Colin Quinn in a scene from

Colin Quinn in a scene from "Colin Quinn The New York Story." Credit: Mike Lavoie

Colin Quinn is not trying to bring back the ethnic joke, is he? Please, he's much too deep and smart for that, right? And yet, there is a nostalgia -- better, an exasperated, irritated wistfulness -- in his shaggy, fast-moving new 65-minute solo show "Colin Quinn: The New York Story," which contends that false civility has led to "eggshell walking" and homogenized identities. Nationalities and races that have come to New York for the "authenticity" have been flattened into generics.

If anyone can still shoot a little freshness into the well-known limitations of political correctness, this is the guy. Quinn, long past his days at the genially brutal "Weekend Update" anchor on "Saturday Night Live," is on his fourth one-man comedy/psychopolitical history lesson in New York.
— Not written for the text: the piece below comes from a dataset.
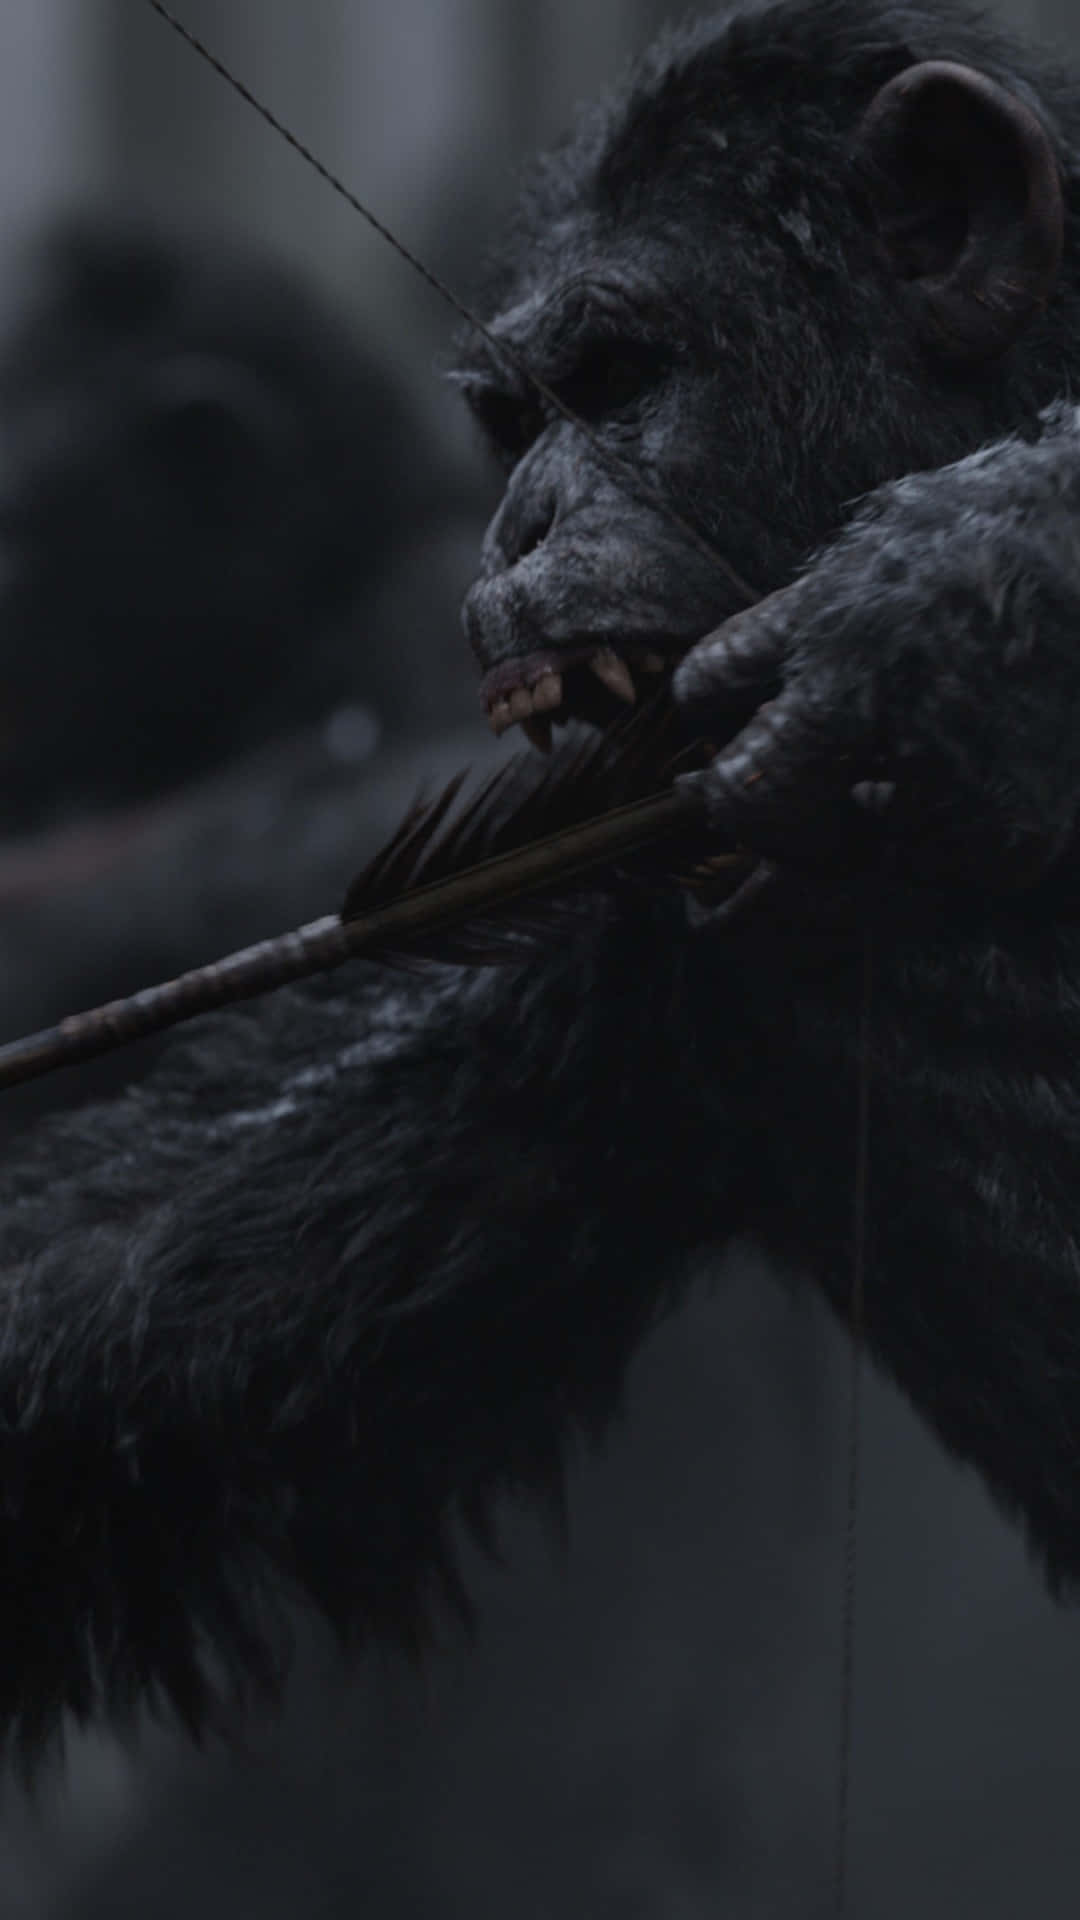 Pixel 3 Gorilla With Arrow Weapon Background

This one, like the all-encompassing "Long Story Short" on Broadway in 2010, has been directed with a shrewd lack of obvious direction by some pal of his named Jerry Seinfeld.

This piece, based on Quinn's "The Coloring Book: A Comedian Solves Race Relations in America," begins with a silent warning not to expect conventional theater traditions. He comes through the door on a Brooklyn stoop (much like the one in his more fully realized 1998 autobiographical play "An Irish Wake"). Then he stops as if to say "to heck with make-believe," and re-enters from around the door.

Wearing his shlumpy street clothes, his perceptual acuity and his wary eyes, Quinn delivers a dazzling rapid-fire history of the first settlers and their linguistic contributions. (The Dutch brought an abrupt way of cursing; the British "brought a sense of superiority.") As he fast-mumbles through centuries of immigrants, from the Germans to the Italians to the Puerto Ricans and the Greeks, he does not imitate so much as channel, just for a momentary nuance, so that we can see precisely what he means.

For all the enjoyable low-key virtuosity, however, the examples eventually come perilously close to feeling like a list. Finally, when Quinn contends that, in the supposedly good old days, "people were prejudiced without being racist," the distinction feels too easy. "Racism is cruel. Prejudice is funny," he explains, trusting the amusing definitions will clear the whole thing up. At the risk of eggshell-walking, I'm not sure I buy it.

WHEN | WHERE Through Aug. 16, Cherry Lane Theatre, 38 Commerce St.